До места он добрался в самый великолепный час летнего дня – на закате. Остановился в сотне ярдов, там, где озеро еще не было видно, принюхался и вслушался. Озеро было на месте. Он уловил его прохладный медовый запах. Но как же Умиск, и Сломанный Зуб, и все остальные? Найдет ли он их? Он напряг слух, чтобы уловить знакомые звуки, и миг-другой спустя до него и вправду донесся негромкий всплеск воды. Ба-Ри тихонько пробрался сквозь ольшаник и наконец застыл рядом с тем местом, где когда-то познакомился с Умиском. Поверхность воды слегка колебалась, из нее высунулись две-три головы, Ба-Ри увидел, как старый бобр потащил бревно к противоположному берегу, оставляя за собой в воде след, будто от торпеды; он посмотрел на плотину – она была точно такая же, как и год назад. Некоторое время Ба-Ри не показывался и прятался в молодом ольшанике. Он ощущал, как ему становится все легче и легче, как отпускает его застарелое напряжение одиноких месяцев, пока он ждал Нипизу. Он протяжно вздохнул и улегся в ольшанике, высунув морду ровно настолько, чтобы хорошо видеть. С заходом солнца в озере началась кипучая деятельность. На берег в том месте, где Ба-Ри спас Умиска от лиса, вперевалочку вылезло новое поколение бобрят – трое толстячков. Ба-Ри заскулил – тихонько-тихонько.
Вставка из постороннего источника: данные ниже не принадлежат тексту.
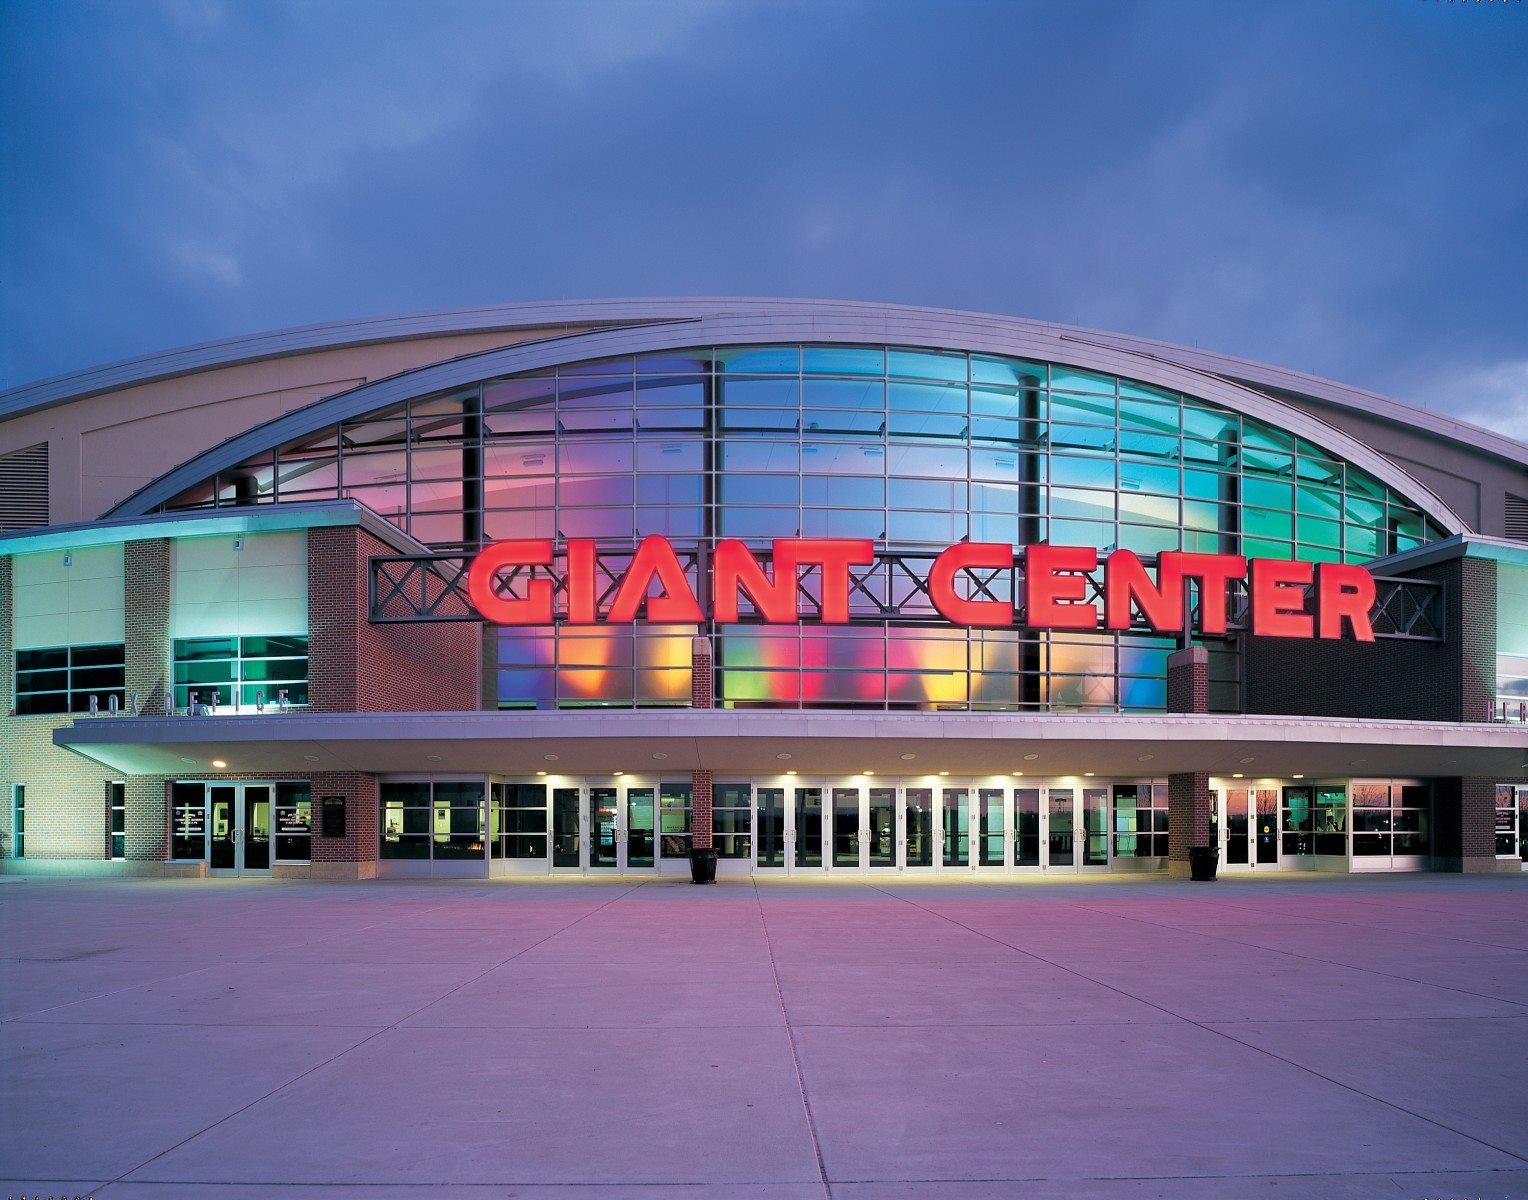 Giant Center (Hershey Bears)  Hershey bears, Stadium, Hockey

Всю ночь пролежал он в ольшанике. Бобровая колония снова стала его домом. Условия, конечно, изменились, и хотя дни складывались в недели, обитатели колонии Сломанного Зуба ничем не показывали, что принимают взрослого Ба-Ри, как когда-то приняли его щенком. Теперь он стал по-настоящему большим, черным и похожим на волка – грозное создание с длинными клыками, – и, хотя он вел себя донельзя мирно, бобры относились к нему с глубоко укоренившимся страхом и подозрительностью. Ба-Ри и сам больше не ощущал щенячьего стремления поиграть с бобрятами, так что их холодность не волновала его так, как в прежние дни. Умиск повзрослел и превратился в толстого молодого бобра в самом расцвете сил, который в этом году как раз собирался обзавестись женой и сейчас деловито собирал припасы на зиму. Очень может быть, что он не узнал в большом черном звере, которого то и дело замечал возле колонии, того маленького Ба-Ри, с которым иногда обнюхивался, и весьма вероятно, что и Ба-Ри узнал Умиска разве что как часть оставшихся у него воспоминаний.
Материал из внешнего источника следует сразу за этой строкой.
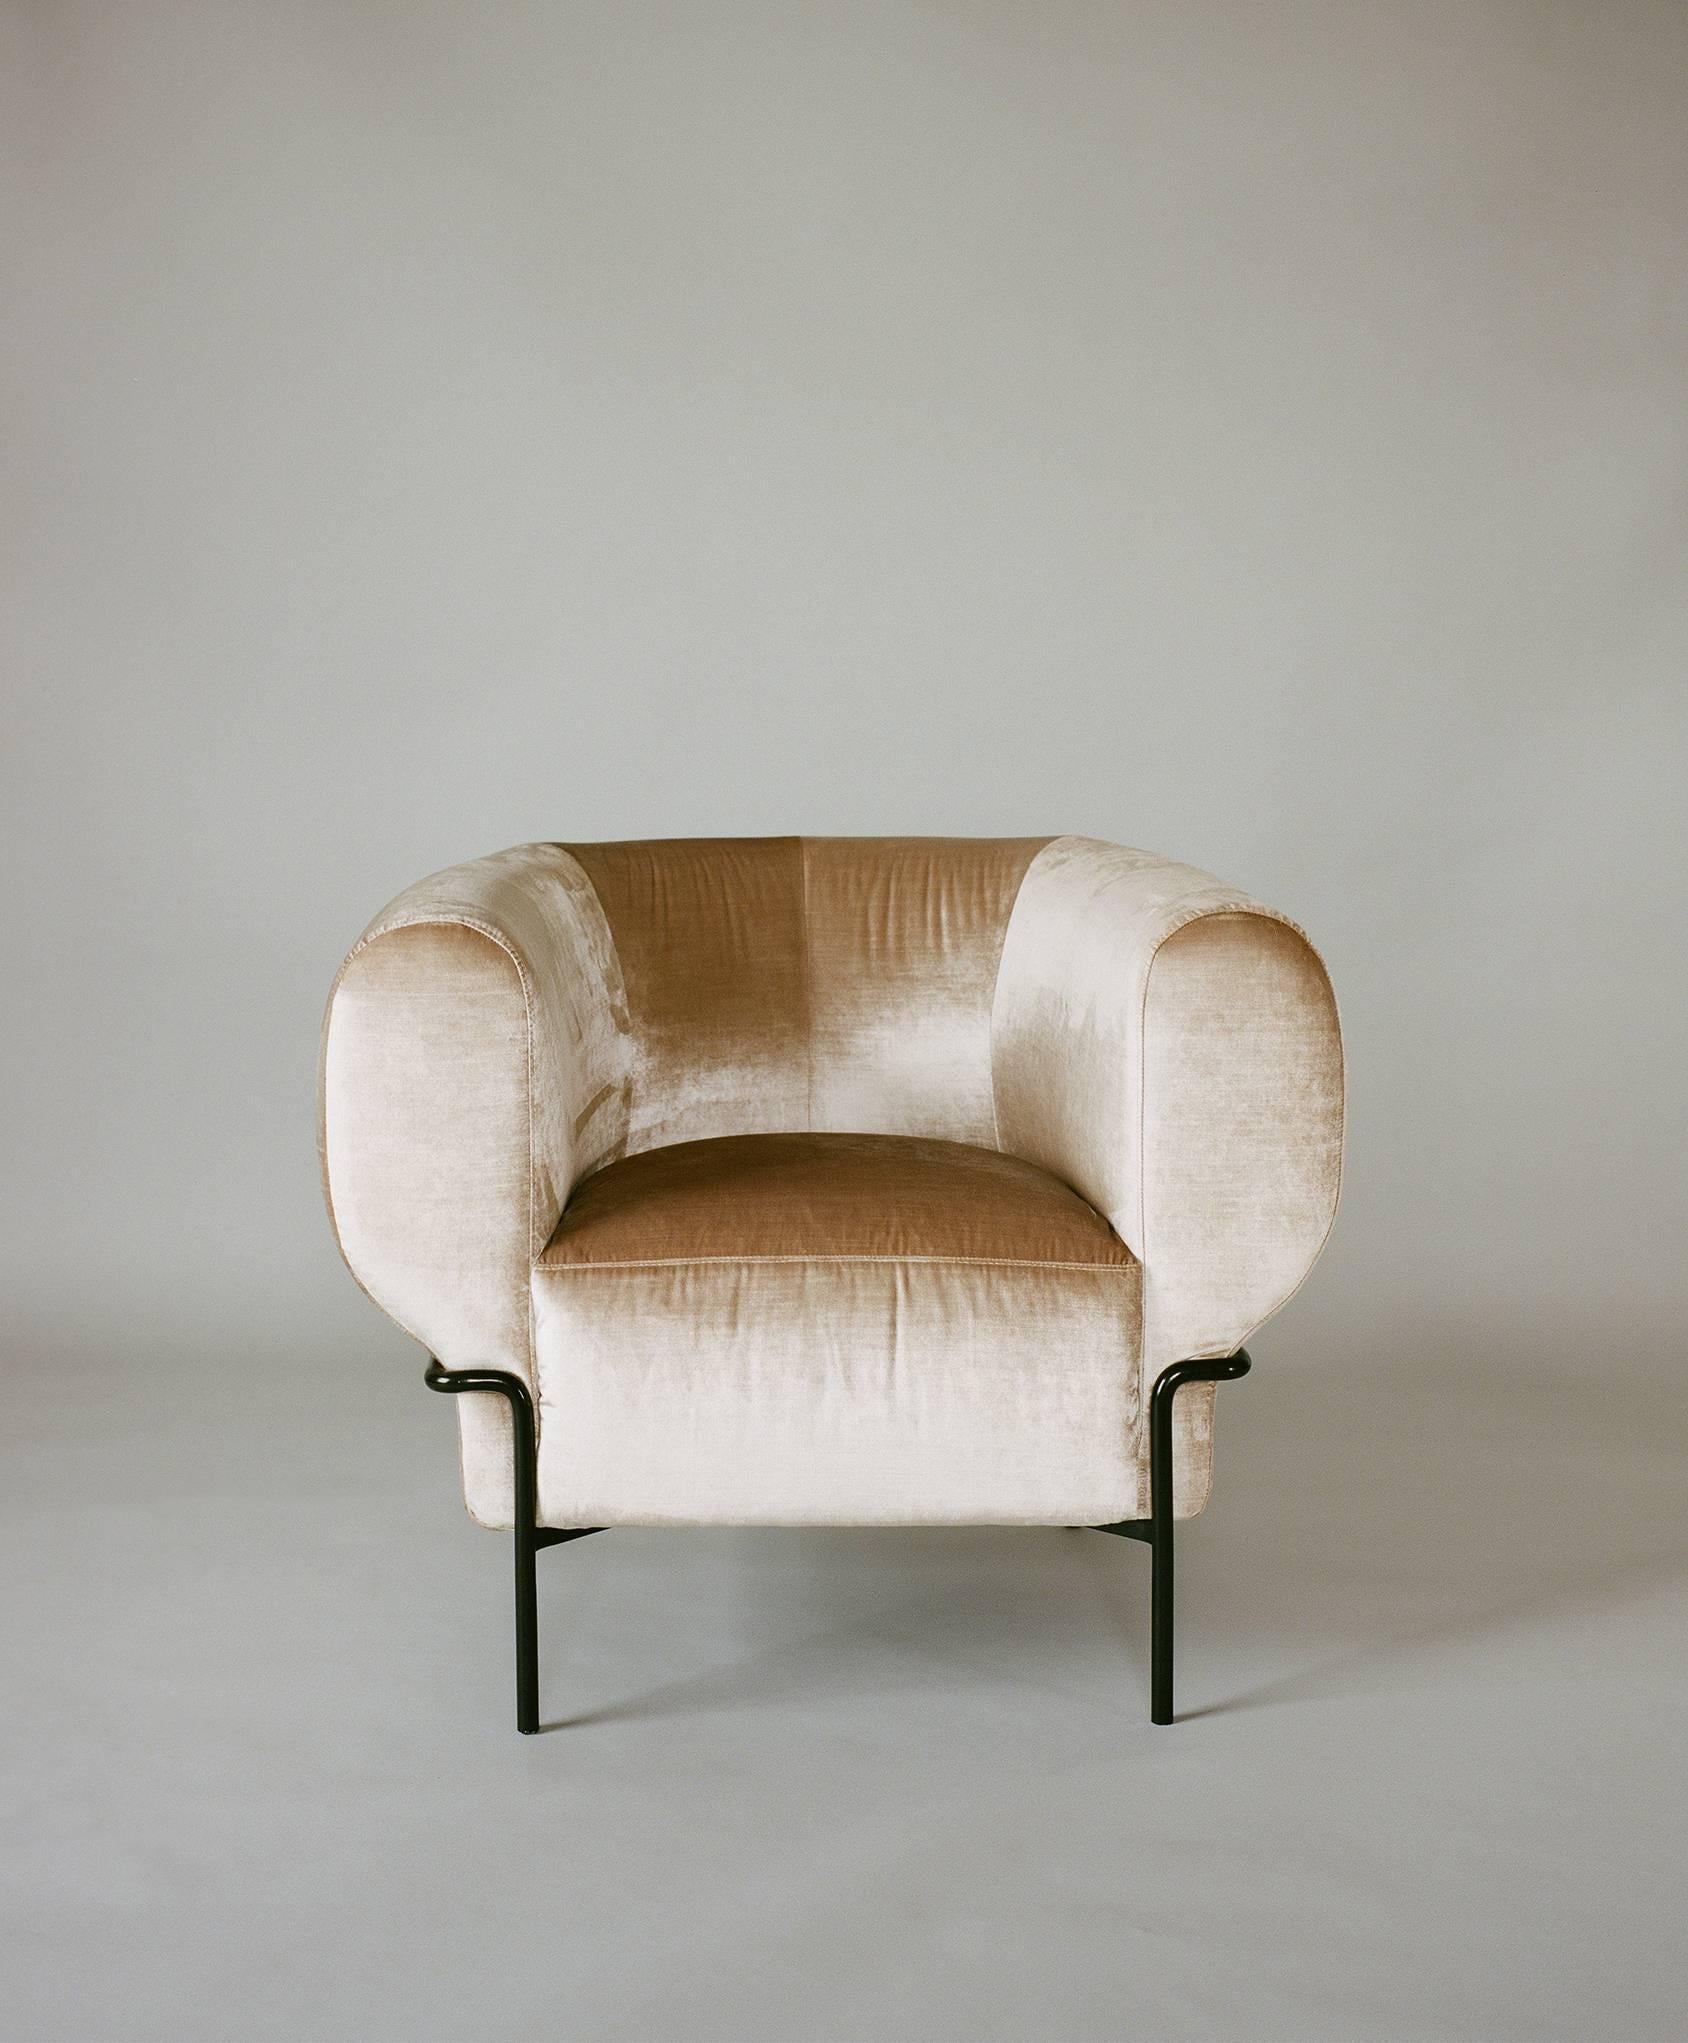 Le Madda est une interprétation contemporaine du fauteuil club classique. La base en métal entoure entièrement la chaise, comme pour la comprimer dans sa zone d'assise supérieure dodue et confortable. 

Disponible dans une variété de matériaux et de

Ба-Ри сделал бобровую колонию своей штаб-квартирой на весь август. Временами он отлучался на два-три дня подряд. Путь его всегда лежал на север – иногда чуть западнее, иногда чуть восточнее, но на юг Ба-Ри больше не возвращался. И вот наконец в начале сентября он покинул бобров навсегда.
Много дней он странствовал безо всякой особой цели. Шел туда, куда вели охотничьи тропы, питался в основном зайцами и туповатой разновидностью рябчиков, которых зовут дикушами. Естественно, он не упускал случая разнообразить рацион и другой случайной добычей. Уже созревала малина и дикая смородина, а Ба-Ри обожал эти ягоды. Любил он и горьковатую рябину, которая была для него еще и лечебной, как и мягкая смола на стволах пихт и елей, которую он то и дело лизал. Иногда на мелководье ему удавалось поймать рыбу, а временами он отваживался на рискованную схватку с дикобразом и в случае успеха пировал самым нежным, самым вкусным мясом в своем меню.
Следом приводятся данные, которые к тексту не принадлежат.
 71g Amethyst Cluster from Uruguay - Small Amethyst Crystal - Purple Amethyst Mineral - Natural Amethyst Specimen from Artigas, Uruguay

Дважды за сентябрь он добывал молодых оленей. Крупные пожарища, на которые он иногда попадал, больше его не страшили – в дни изобилия он совсем забыл, как иногда приходилось голодать. В октябре он забрел на запад до самой реки Гейки, а потом на север до озера Вулластон – на добрые сто миль к северу от Грей-Лун. В первую неделю ноября он вернулся на юг и некоторое время шел вдоль реки Каноэ, а потом свернул на запад вдоль извилистой речушки под названием Бесхвостый Черный Медвежонок.
Ба-Ри не раз встречал людей, но его самого ни один человек не видел, за исключением охотника-кри на северном берегу озера Вулластон. За время пути по реке Гейки Ба-Ри трижды укрывался в подлеске, пропуская мимо каноэ, с полдюжины раз в ночной тиши обнюхивал хижины и вигвамы, в которых была жизнь, а один раз на Уолластоне подобрался так близко к станции Компании Гудзонова залива, что услышал лай собак и окрики их хозяев.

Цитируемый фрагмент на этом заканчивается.